她一开始很不配合,被那个略微瘦一点的保镖重重掌掴了一巴掌后才老老实实的跟着进去了,深度诠释了什么叫做敬酒不吃吃罚酒。
天气阴沉,别墅的大厅里灯火透亮,里面是欧式的装修风格,方胥看到壁炉前有一张很长的紫檀木桌子,上面铺着质地柔软的暗红色桌布。
桌子上放了个欧式的烛台,有点烛光晚宴的气氛。
楼梯上一个人走了下来,是个中年微微发福的男人,方胥见过他,这人是个很厉害的赌徒,之前被她查封的赌场就是他开的,他在道上成名的时间也很早,似乎是叫关鹤。
男人手上戴了串佛珠,正有一下没一下的转着,看到方胥后,缓缓走下来说:“方小姐可真是年轻有为,才刚刚毕业,就已经有了不少辉煌战绩。”
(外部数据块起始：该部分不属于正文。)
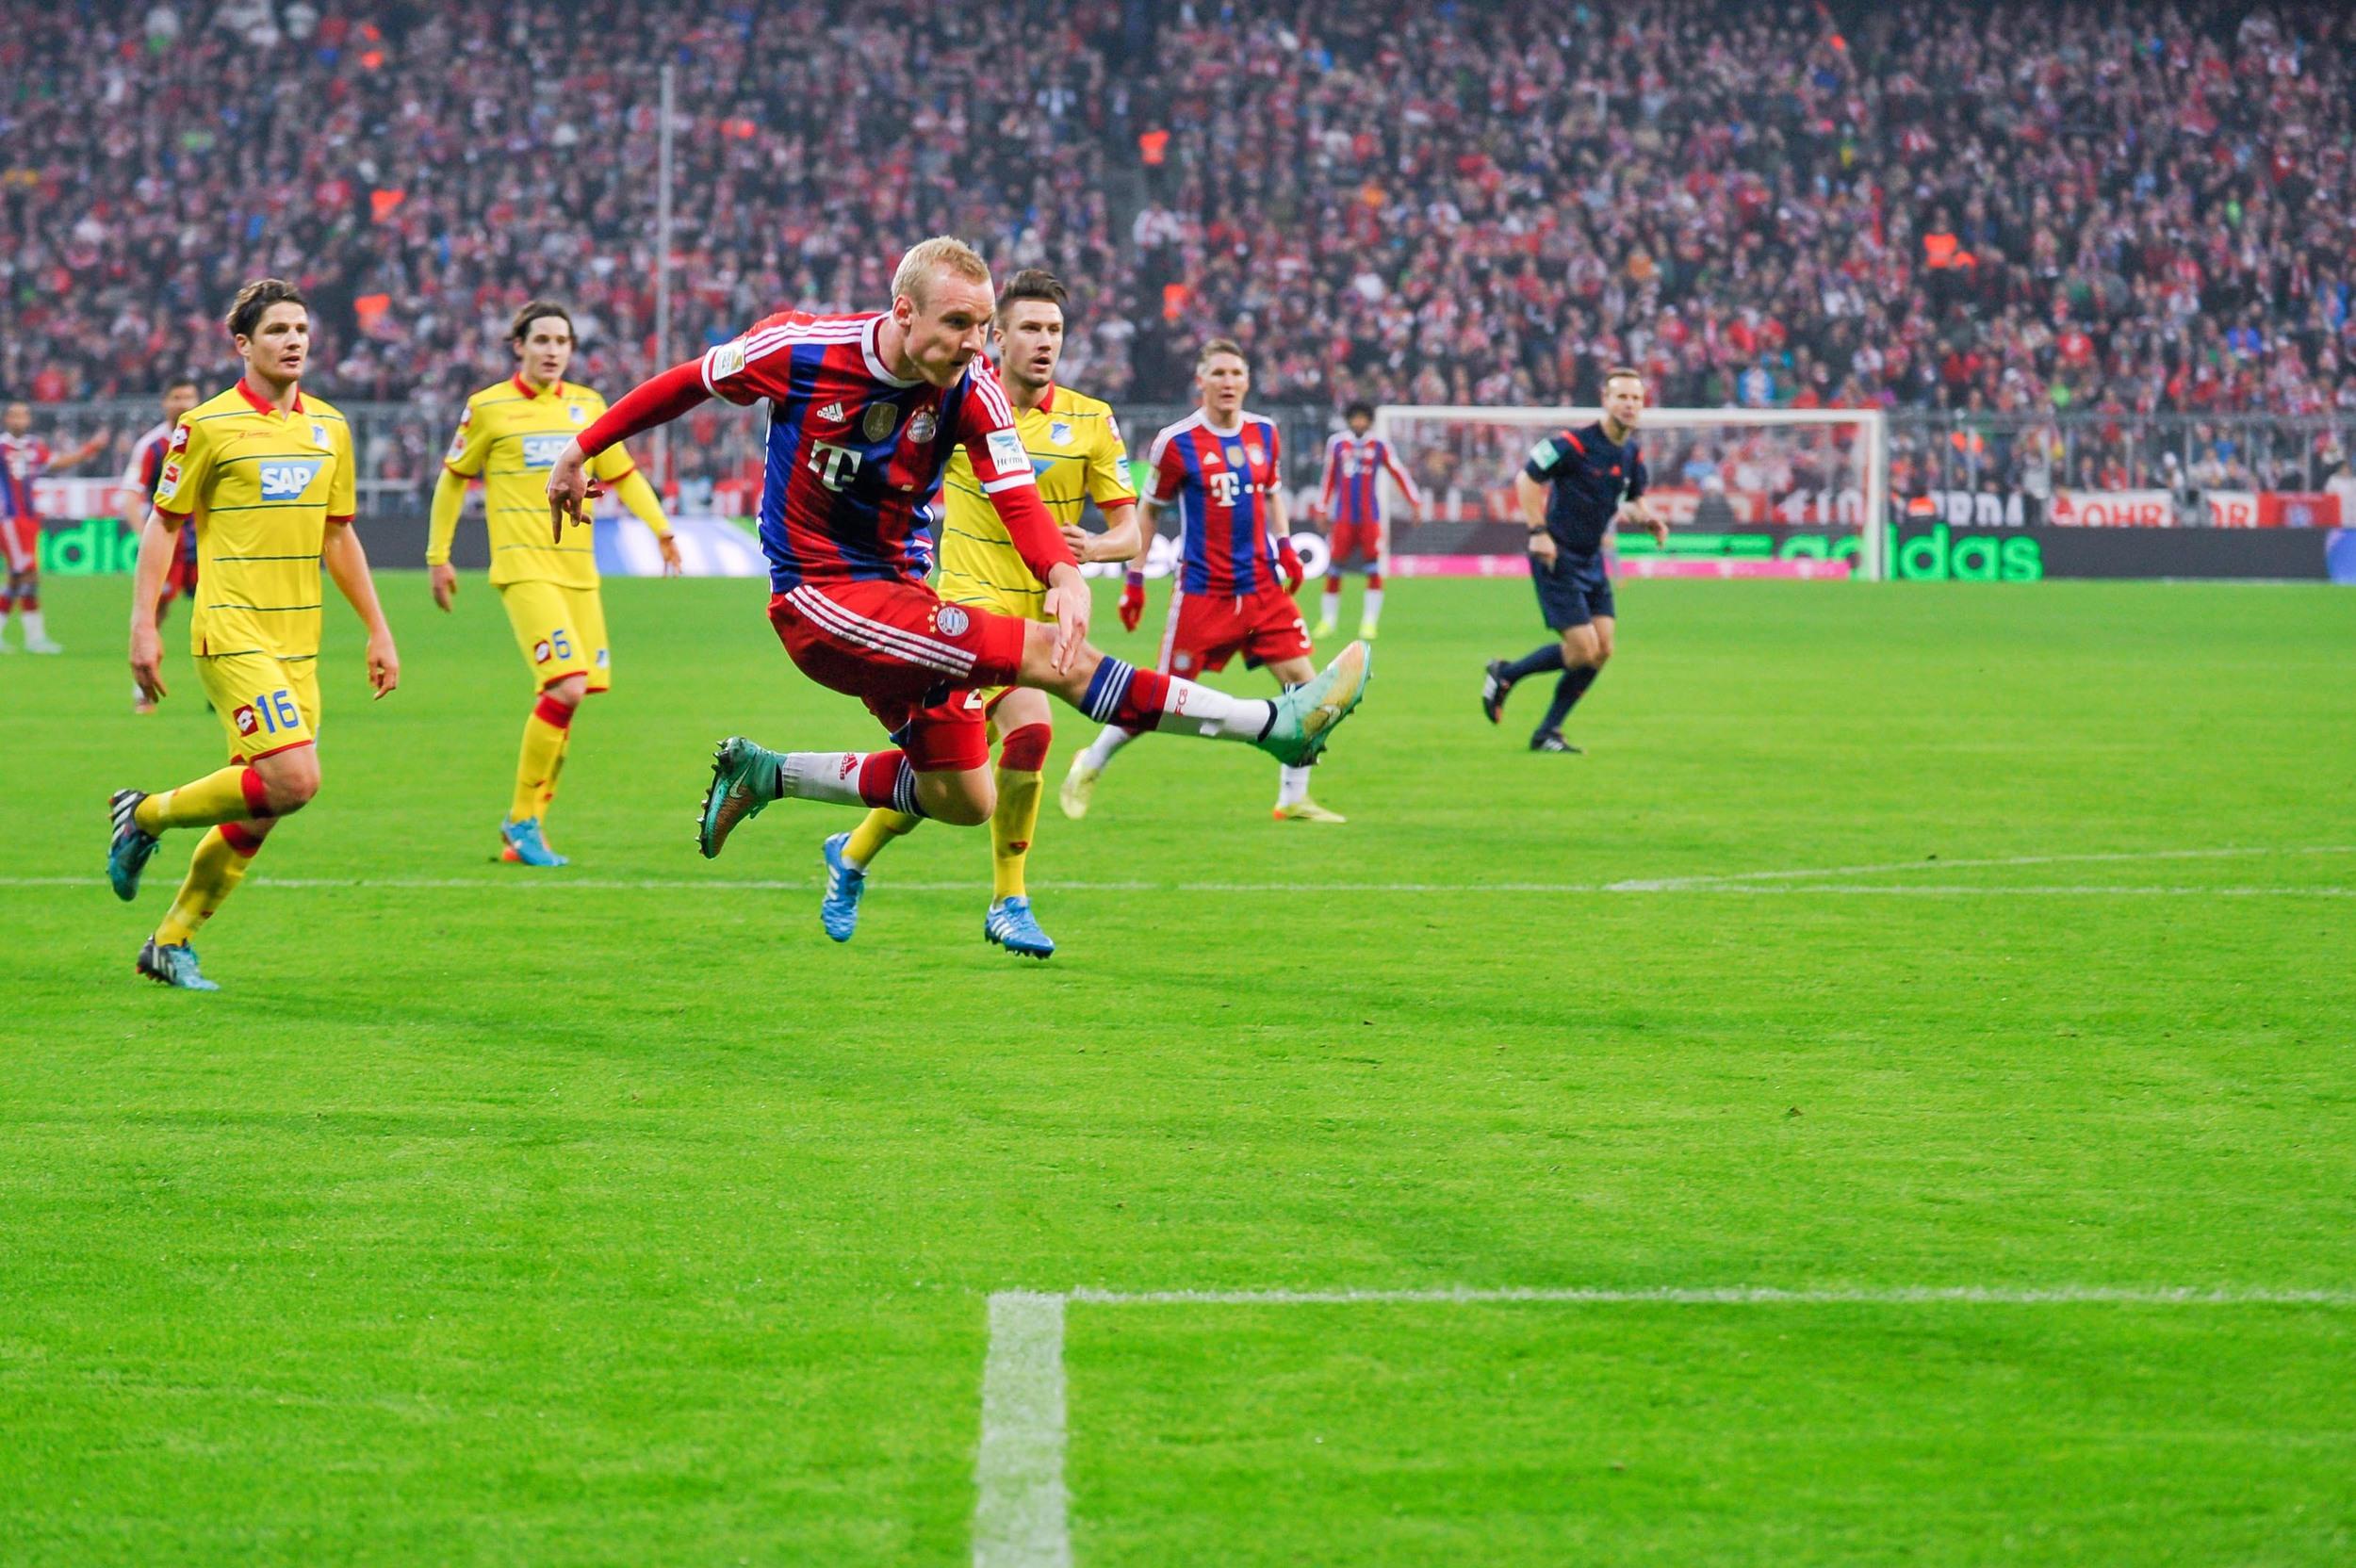 Stadion_FCB_vs_TSGH_22.11.2014_web-38.jpg

方胥不知该如何作答,但到了这个境地,不想死肯定是要低着头周旋的,便轻声说:“我那个时候不懂事,您别和一个小姑娘计较……”
那中年男人笑了笑,说:“有意思。”
刚说了几句话,别墅外就跑进来一个保镖,低声对关鹤说:“关爷,陆家的车到半山腰了。”
那中年男子收起手上的佛珠,抬头看了一眼窗外的天气,有些意外,“比我想象中要快。”
保镖走在前面替关鹤打开门,有风带着雨中的雾气飘了进来。
方胥看见别墅外一辆黑色的布加迪正好从远处开过来,很漂亮的一个侧转后,稳稳停下了。
大雨中,左侧下来一个人,应该是司机,他撑开一把黑伞去右侧弯腰开门。
右侧车门开后,一个颀长的身影走下来。
雾蒙蒙的雨中,这道身影清冷的让她不敢抬头,只一眼她就认出是陆忱。
他这次没有穿西装,身上是一件挺阔的黑色大衣,一段时间不见,他还是彬彬有礼,绅士斯文。
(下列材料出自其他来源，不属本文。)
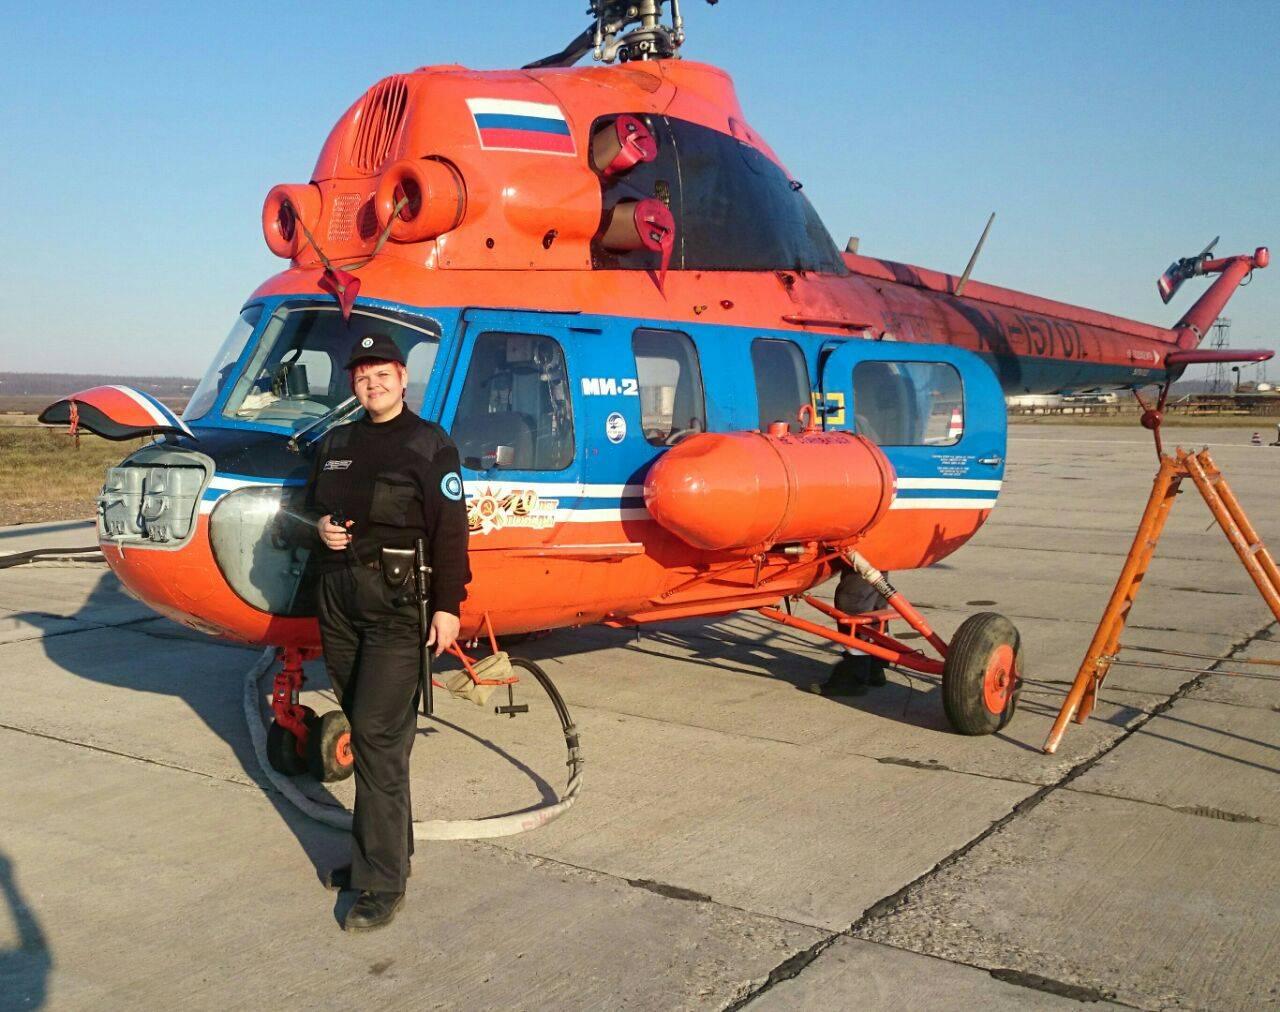 МИ-2 photo Анатолий

旁边的人为他撑着伞,雾气很重,加上伞落下的阴影罩住了他的脸。
方胥似乎迎着他的目光,看到他淡淡瞥了她一眼。
她很不确定。
关鹤走出门迎接,语气有点意味不明,“陆先生来的真快。”
陆忱笑了笑,“关爷的邀约,陆某不敢怠慢。”
进了别墅,司机收起伞退下了,关鹤做了一个邀请的姿势,忽然问:“陆先生玩牌吗?”
陆忱神情很淡,“关爷是开赌场的,我这点微末技艺,实在拿不出手。”
“怎么会。”关鹤在长桌一端坐下,请他入座,“听说先生牌技很好,只是玩一局暖个场子罢了,又不加筹码,陆先生这都不肯赏脸?”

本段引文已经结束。